* **EXCERPTED RECORDS**
·····

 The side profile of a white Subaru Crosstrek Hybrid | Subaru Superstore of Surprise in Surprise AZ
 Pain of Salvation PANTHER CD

·····

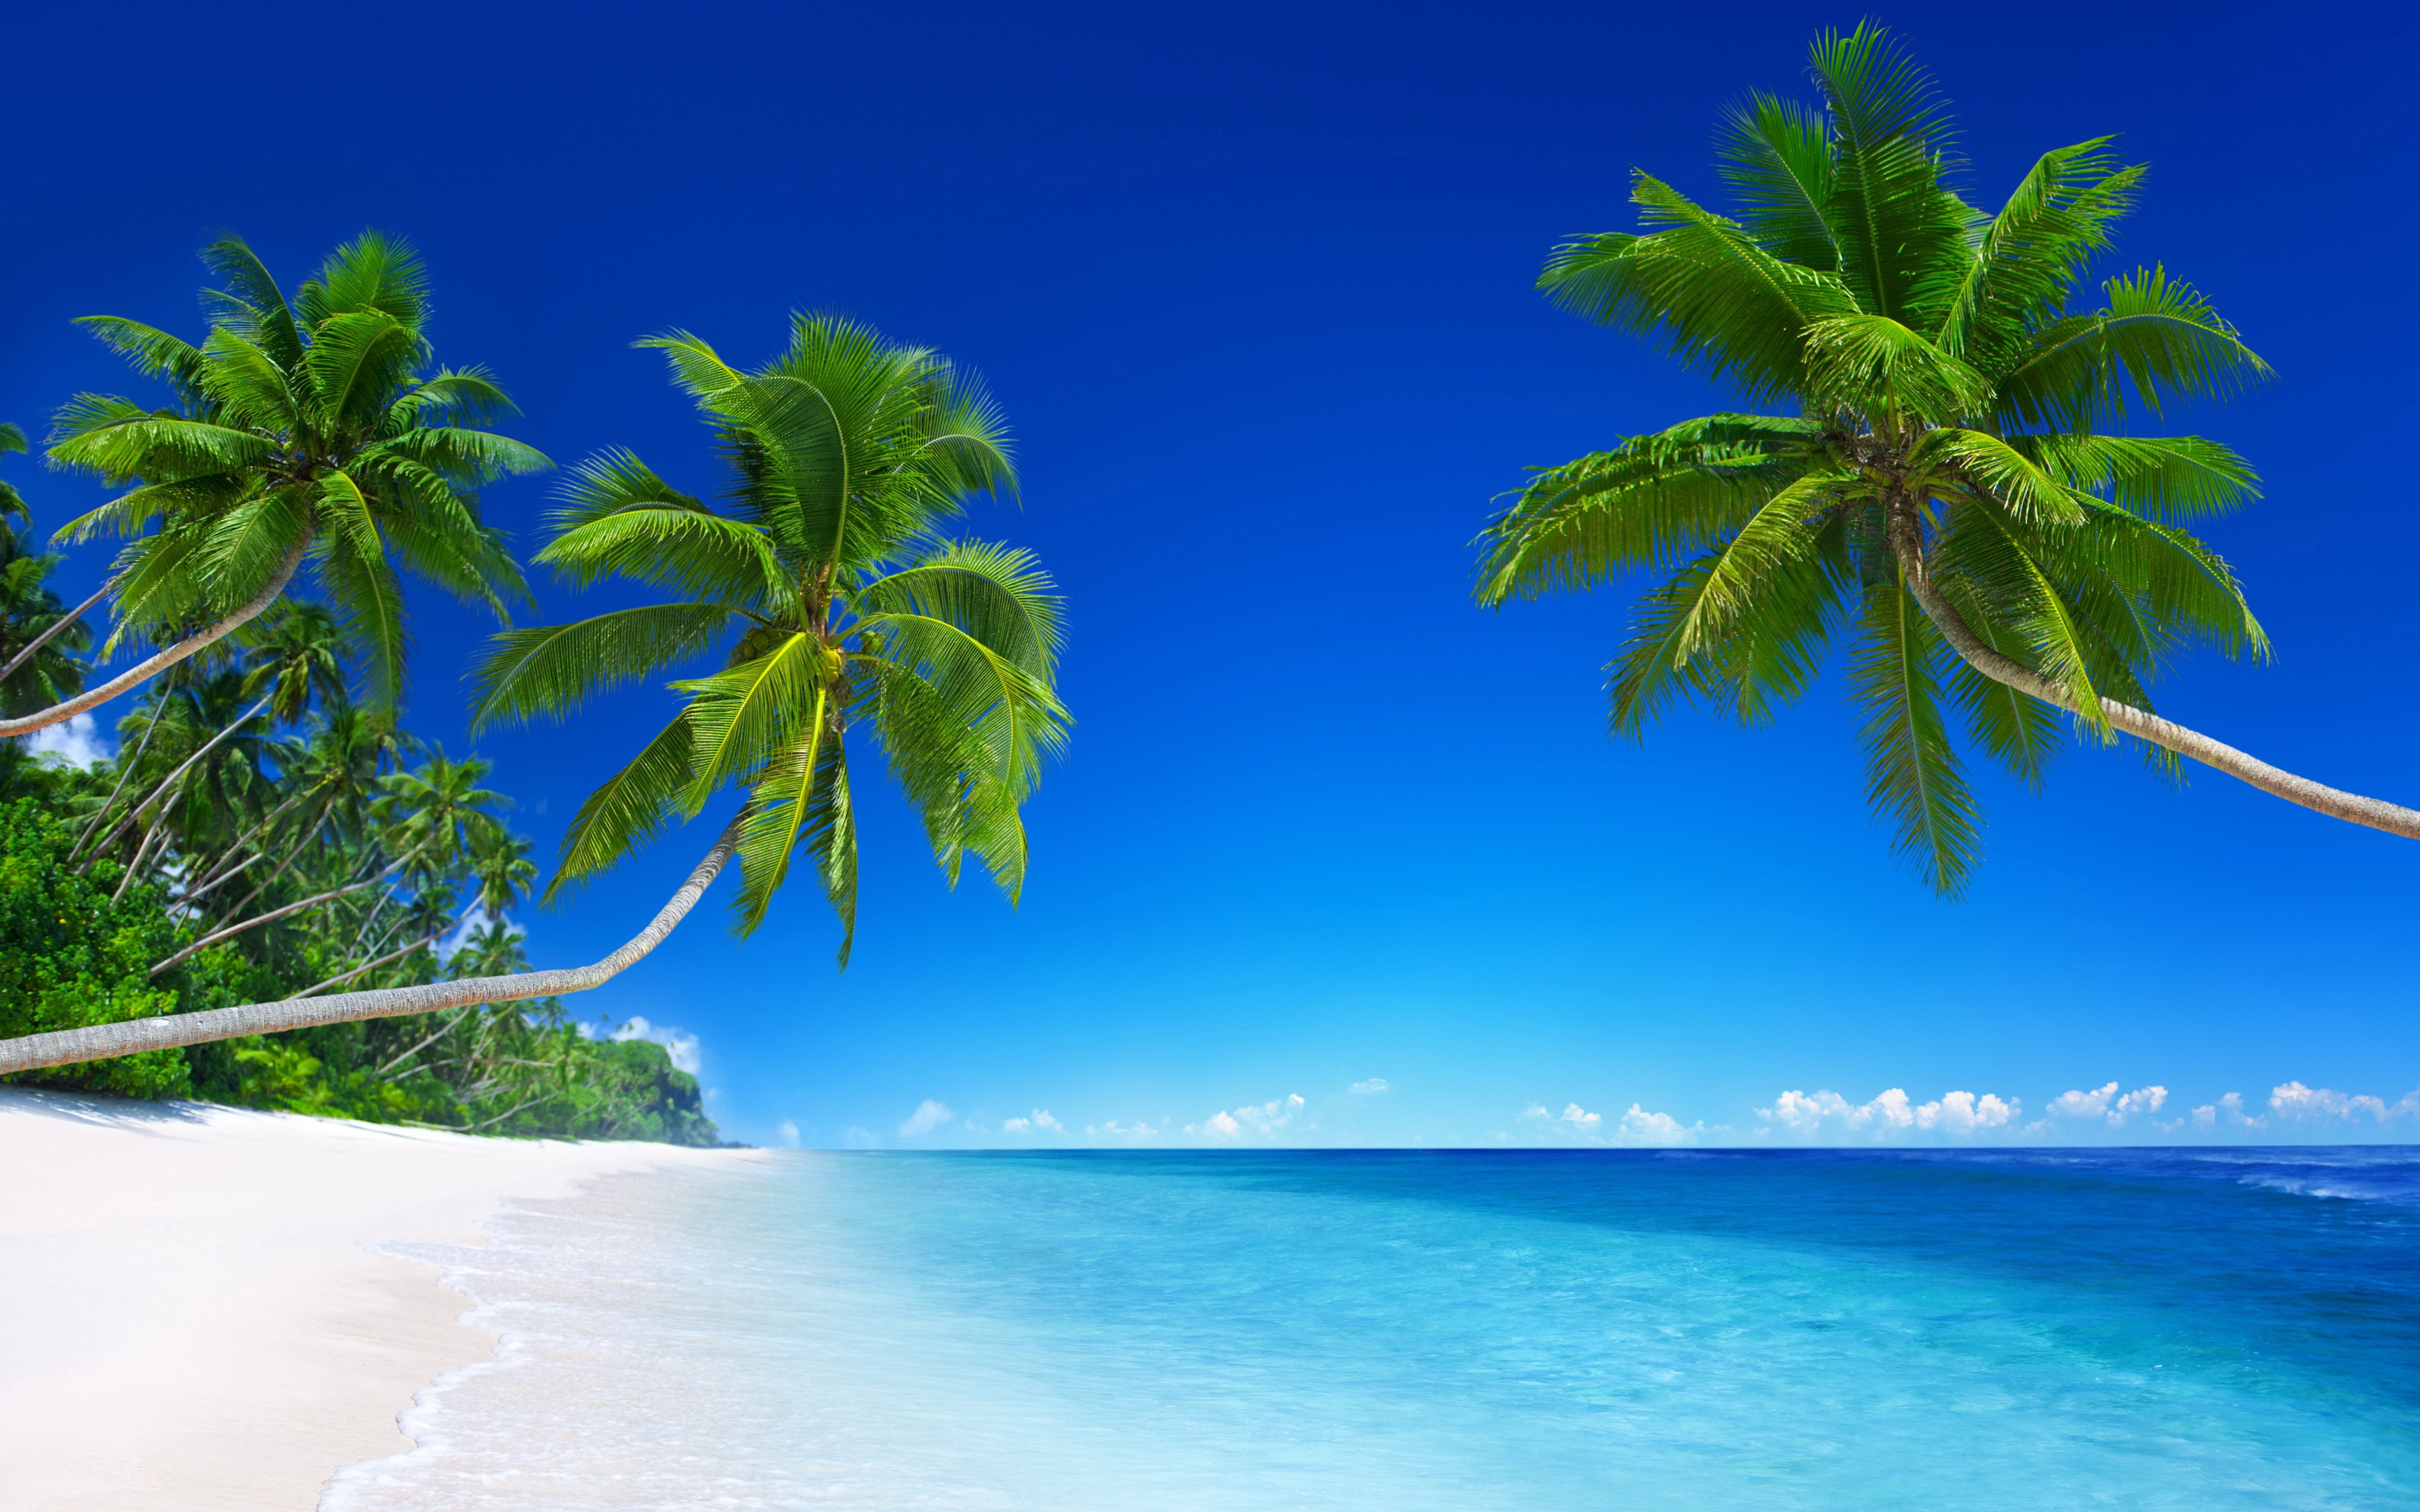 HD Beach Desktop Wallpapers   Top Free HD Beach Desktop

·····

* **WORK REQUIRED**
All that belongs in your answer is the stretch of entries above from the line with "The side profile" through the line with "Pain of Salvation PANTHER CD", printed exactly.

* **RESPONSE TO THE TASK**
 The side profile of a white Subaru Crosstrek Hybrid | Subaru Superstore of Surprise in Surprise AZ
 Pain of Salvation PANTHER CD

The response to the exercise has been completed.